DATASET EXCERPT:
BEGIN

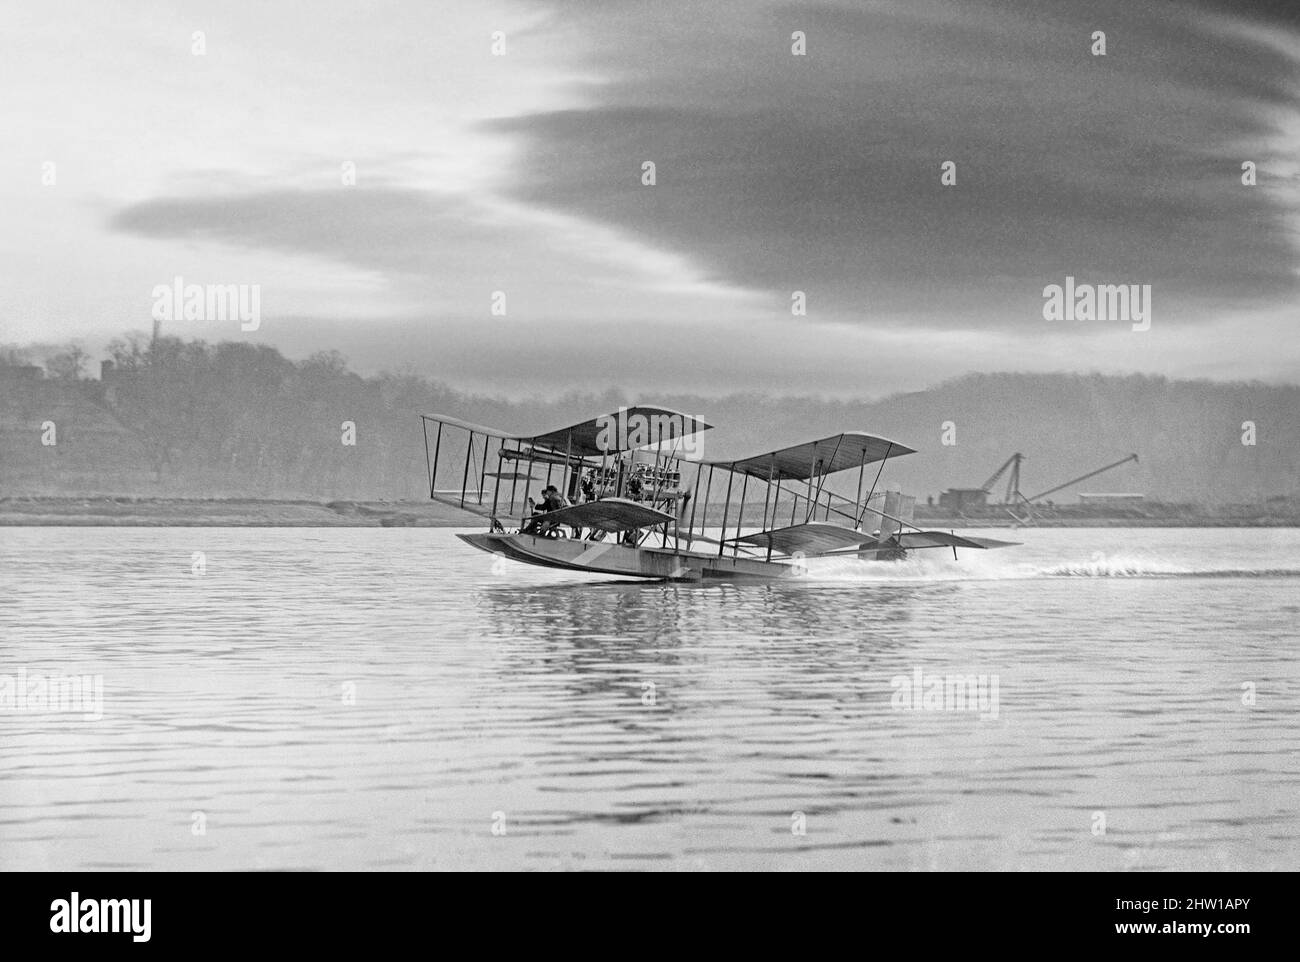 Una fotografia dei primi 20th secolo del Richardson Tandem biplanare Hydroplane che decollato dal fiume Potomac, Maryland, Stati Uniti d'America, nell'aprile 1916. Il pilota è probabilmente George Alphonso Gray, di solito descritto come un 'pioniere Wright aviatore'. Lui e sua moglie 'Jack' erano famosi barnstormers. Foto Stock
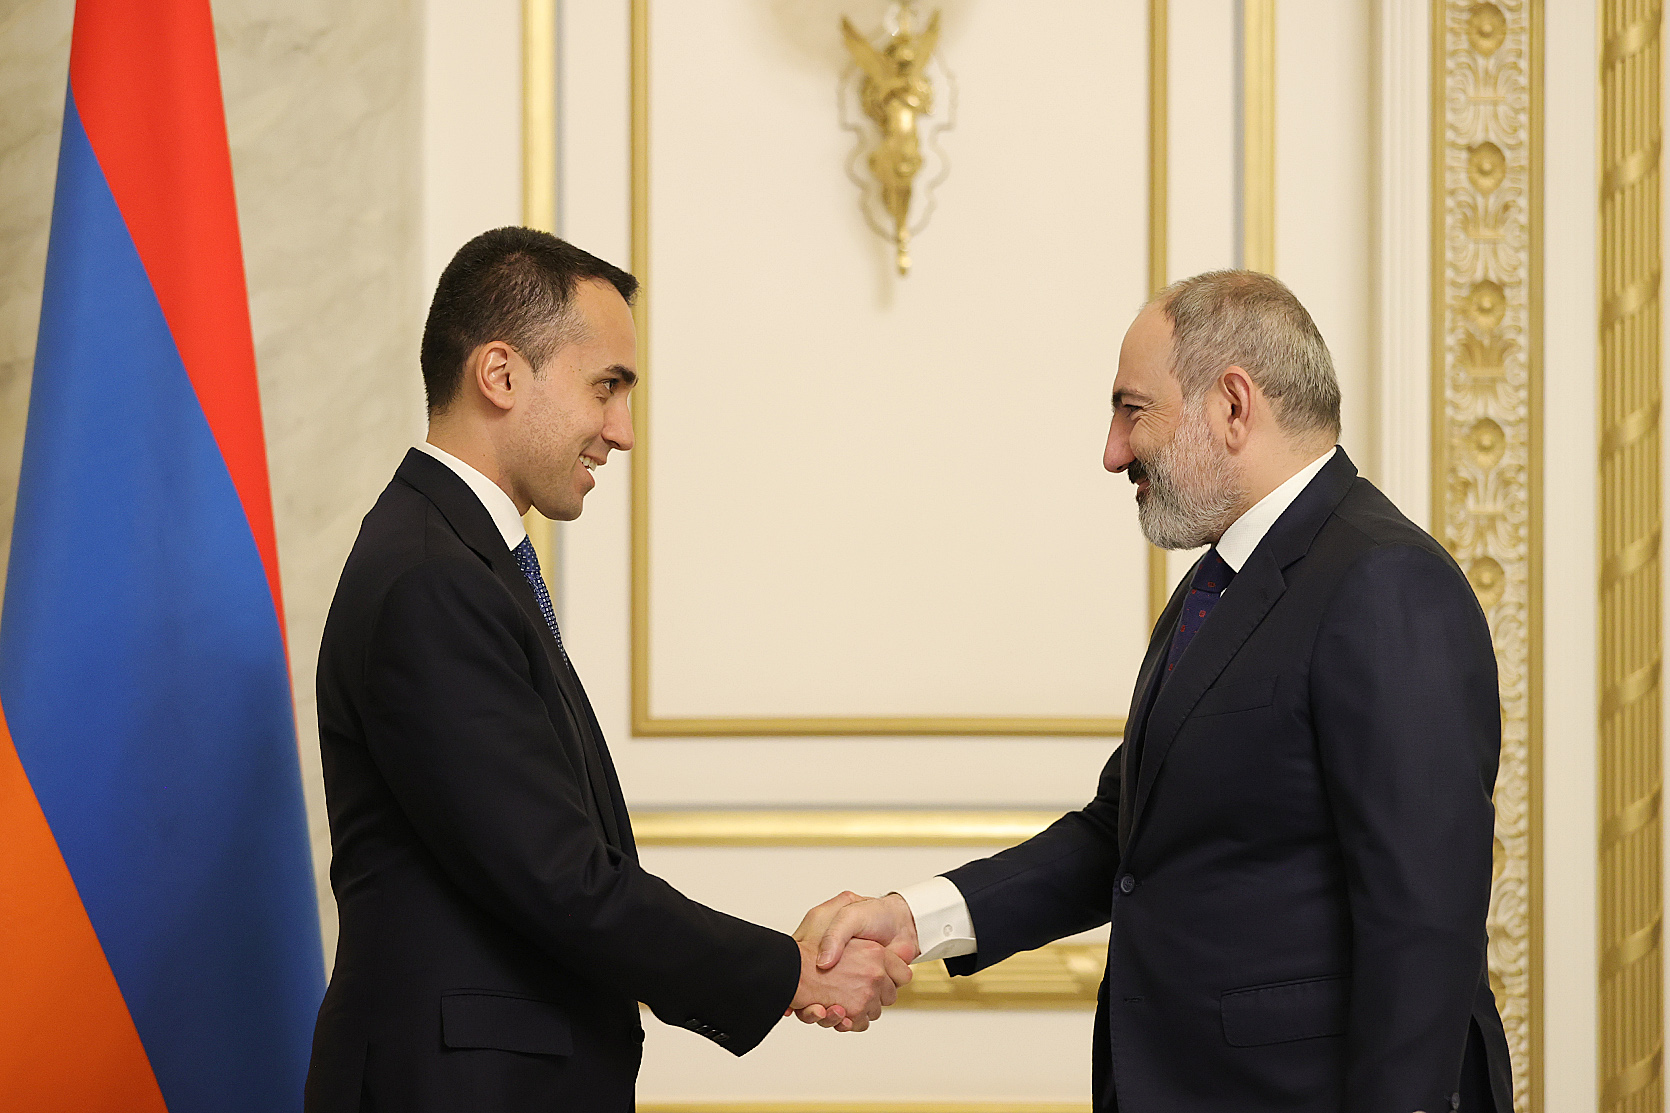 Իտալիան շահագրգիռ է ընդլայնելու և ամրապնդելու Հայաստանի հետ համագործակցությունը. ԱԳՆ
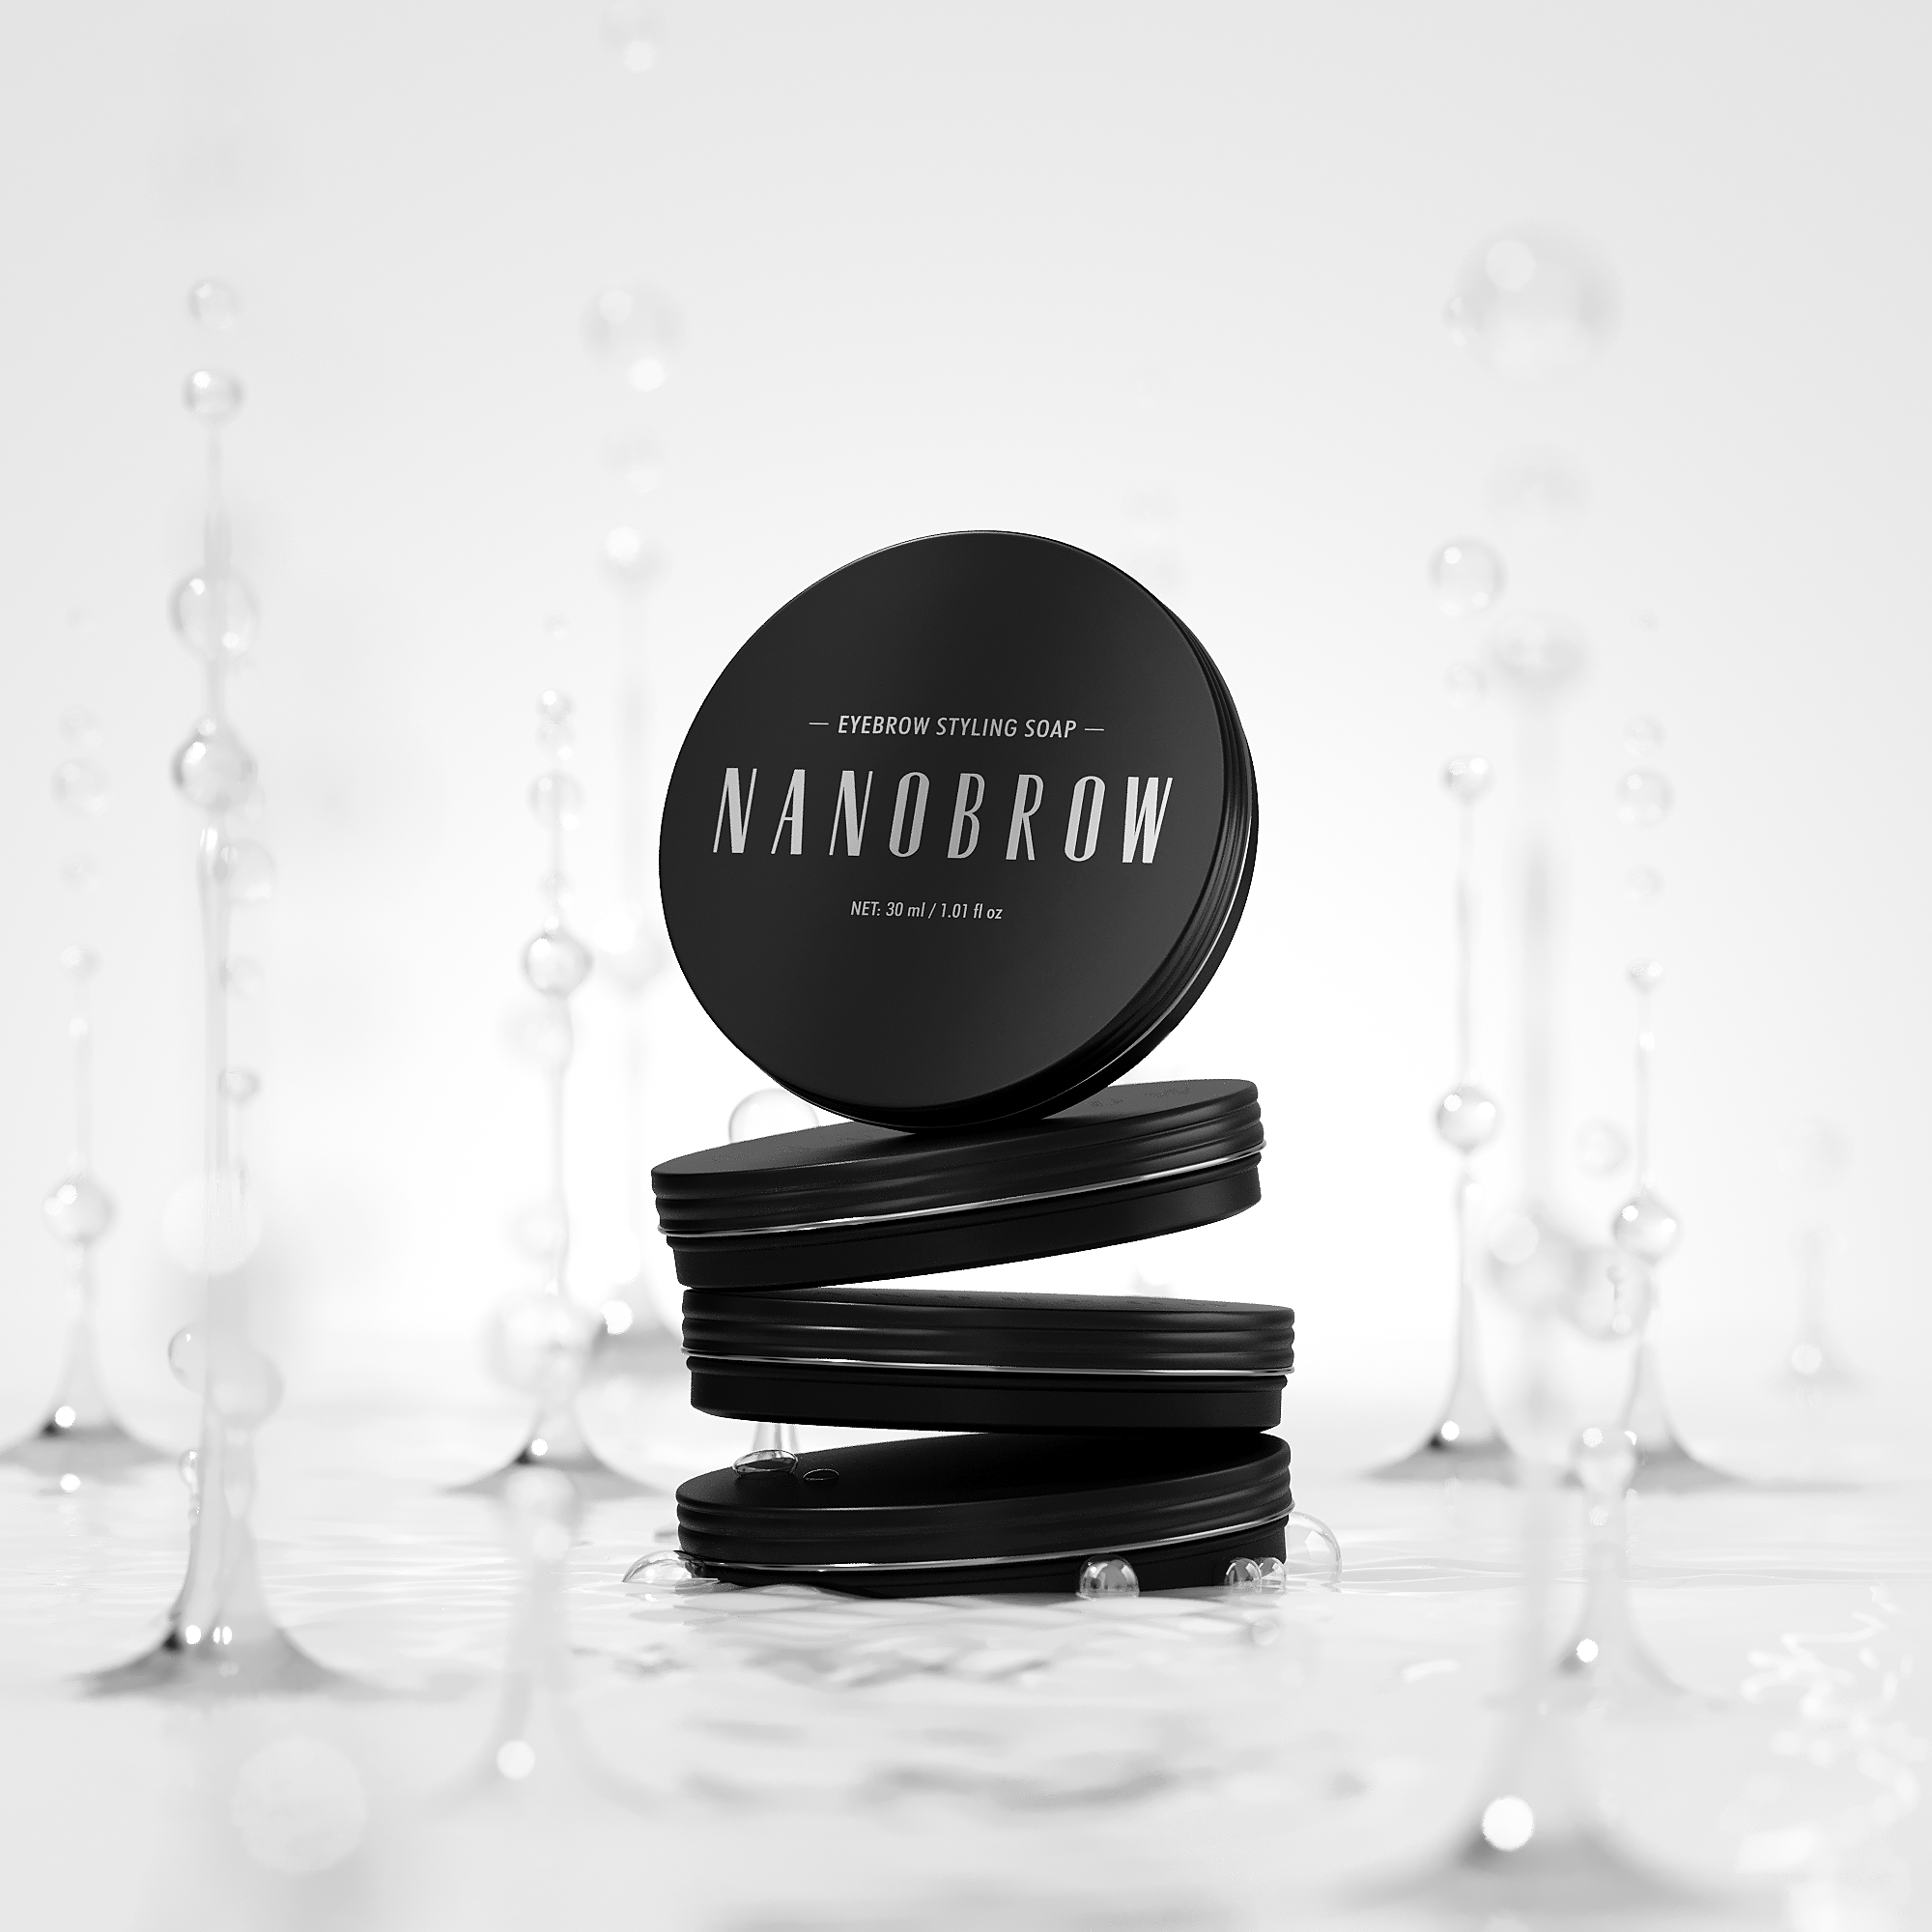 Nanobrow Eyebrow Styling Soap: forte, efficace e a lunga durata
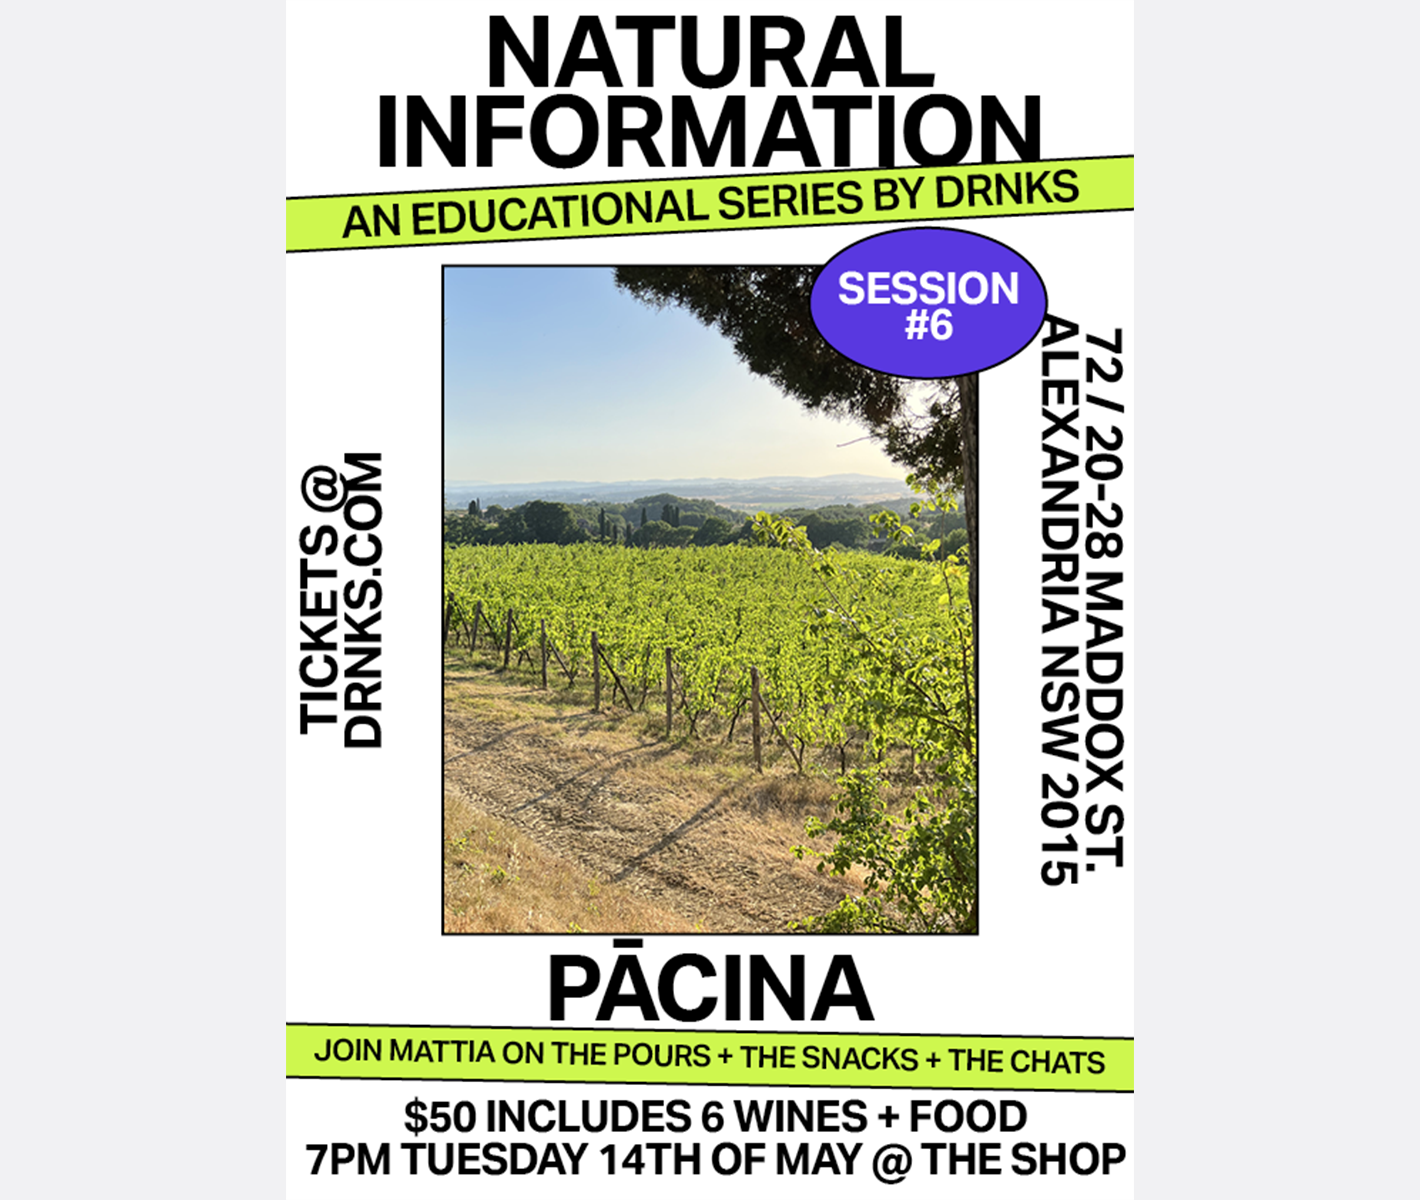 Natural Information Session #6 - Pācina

END

When you retype the data above, match every line exactly and leave the pictures behind.

EXERCISE SOLUTION:
 Una fotografia dei primi 20th secolo del Richardson Tandem biplanare Hydroplane che decollato dal fiume Potomac, Maryland, Stati Uniti d'America, nell'aprile 1916. Il pilota è probabilmente George Alphonso Gray, di solito descritto come un 'pioniere Wright aviatore'. Lui e sua moglie 'Jack' erano famosi barnstormers. Foto Stock
 Իտալիան շահագրգիռ է ընդլայնելու և ամրապնդելու Հայաստանի հետ համագործակցությունը. ԱԳՆ
 Nanobrow Eyebrow Styling Soap: forte, efficace e a lunga durata
 Natural Information Session #6 - Pācina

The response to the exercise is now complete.